Bu bölüm başladığı zaman “Ey nebi” diye başlamış, “Kâfirler ve münafıklarla cihad et” demişti, işte şimdi de bu emir onadır. Cihada karşı çıkanlarla da cihad edeceğiz demektir. Resule değil nebiye emretmektedir; yani ilmî çalışmalar yapanlara emrediliyor.

Söyleme “tebliğ” içindir.

İşte bu sûrenin açıklanması ile onlara Allah’ın emrini iletiyoruz. Biz söylemiyoruz, biz sadece Kur’an’ın emrini iletiyoruz, tebliğimizi yapıyoruz. Cehennem nârı hararet itibariyle daha eşeddir. Tevbe ediniz, istiğfar ediniz; artık “Adil Düzen”e geliniz. Bediüzzaman; zaman içtihat zamanı değildir, gemi su alıyor, önce imanımızı kurtaralım demiştir. Bugün iman kurtulmuştur, gemi sularda seyretmektedir ama kaptanlar arasında kavga vardır. Evet, kavga var, çünkü şeriat düzeni kurulmamıştır. Gelin şimdi şeriat düzenini kurarak aramızdaki kavgalara son verelim.

Nedir bu şeriat düzeni?

İhtilaflarda hakemliktir.

Beklerdik ki Gülen Erdoğan’a ‘hakemlere gidelim’ desin. Erdoğan da Gülen de beni çok yakından tanıyorlar. Onlara diyoruz ki; “Hakemlere gidin... Yoksa…”

نَارُ جَهَنَّمَ

(NAvRu CaHanNaMa)

“Cehennem nârı”

“Cehennem” özel isimdir, marifedir, dolayısıyla “nâr” da marifedir.

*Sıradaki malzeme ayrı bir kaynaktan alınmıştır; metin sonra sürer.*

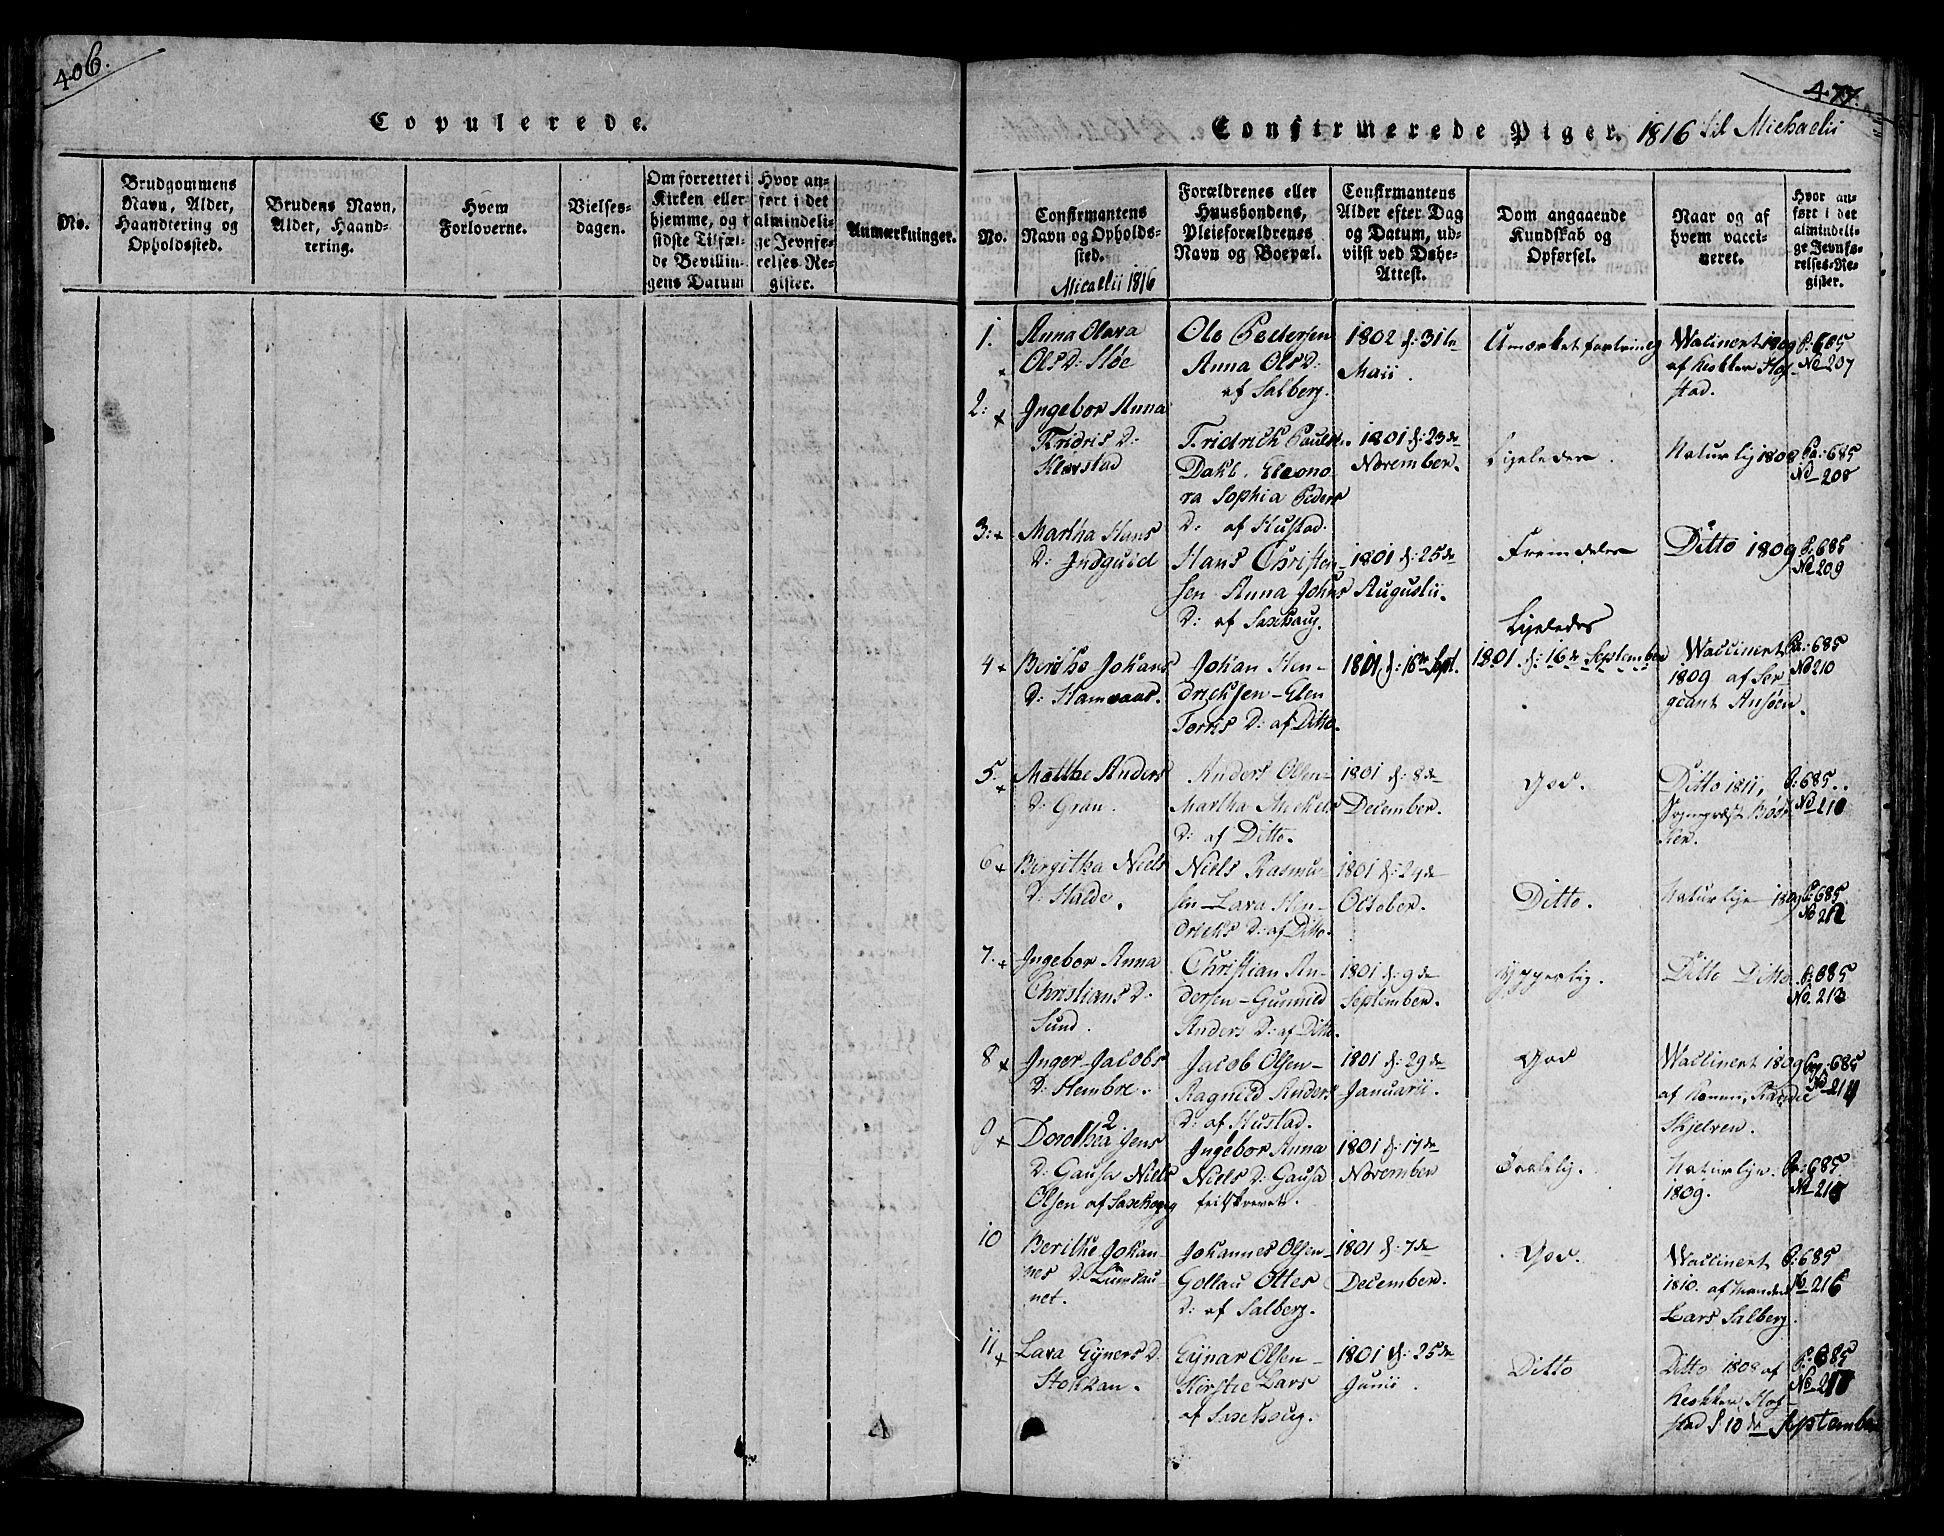 SAT, Ministerialprotokoller, klokkerbøker og fødselsregistre - Nord-Trøndelag, 730/L0275: Parish register (official) no. 730A04, 1816-1822, p. 406-477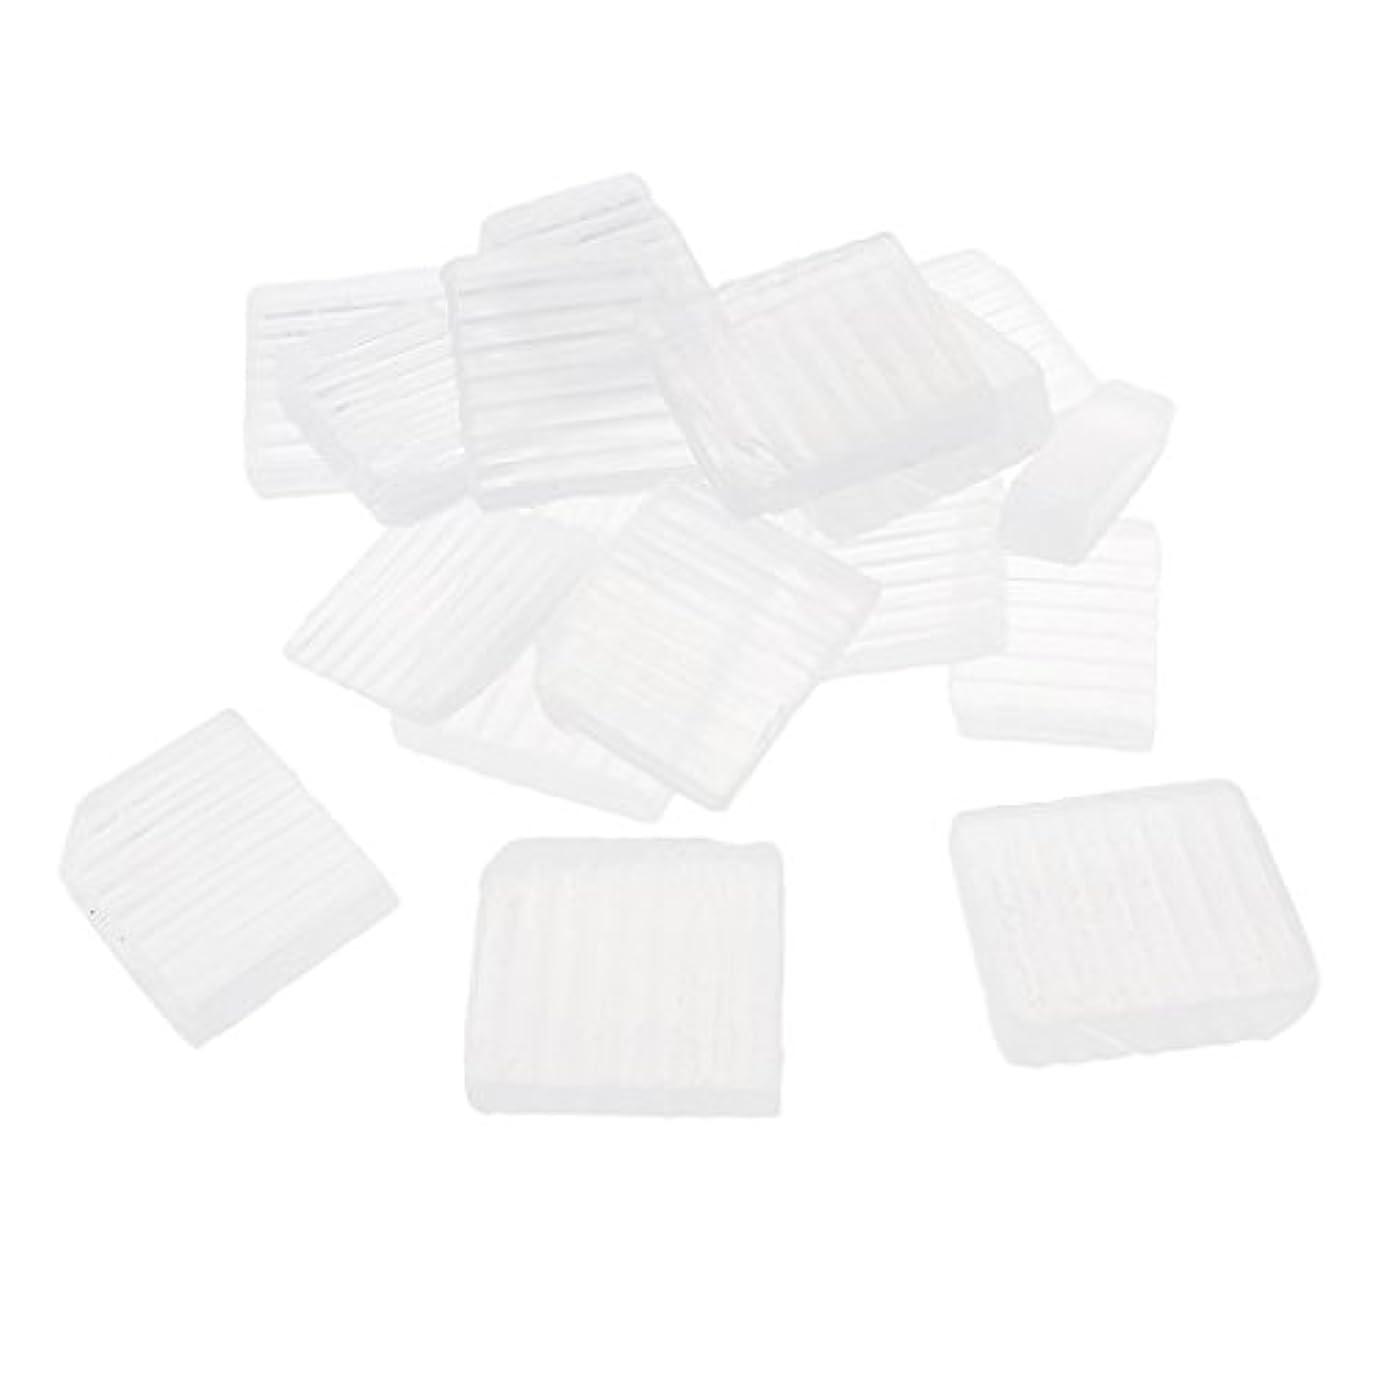 発疹たまにパワーセルP Prettyia 透明 石鹸ベース DIY 手作り 石鹸 材料 約1 KG DIYギフト

“Cehennem nârı” diğer bizim bildiğimiz nârlardan değil de, ona benzer ısıtan ama yakmayan nârdır, özel nârdır. Bu nâr bu dünyada değil âhirettedir.

Kur’an ne diyor?

Allah kasem ederek diyor ki; siz aranızda çıkan ihtilaflarda hakemlere gitmedikçe mümin olamazsınız.

Evet…

Gülen ve Erdoğan!

Artık duyun bu sözleri; siz mümin iseniz hakemlere gidin. Mümin olun yoksa şeytan da çok büyük abid idi ama bir secdeyi yapmadı, kıyamete kadar melun oldu. Abid olmanız yetmez. Hakemlerden birini biriniz, diğeri diğeriniz seçeceksiniz; başhakemi de bunlar seçecektir. Başhakemin verdiği karara uyacaksınız. Başka çıkar yolunuz yoktur. Hakeme uymayan olursa biz ona karşı uyanın yanında olacağız. Erdoğan’ın Cemaat’e, Gülen’in de siyasete karışma yetkisi yoktur. Her birinin görevi ayrıdır. Devlet içine yerleşme siyaseti yanlıştır. Erdoğan’ın da okulları kapatma, dershaneleri kapatma yetkisi yoktur.

أَشَدُّ حَرًّا

(EaŞadDu XarRan)

“Harran daha şiddetlidir.”

Hakemlere gitmezseniz, o takdirde daha sıcak olan cehenneme hazır olun.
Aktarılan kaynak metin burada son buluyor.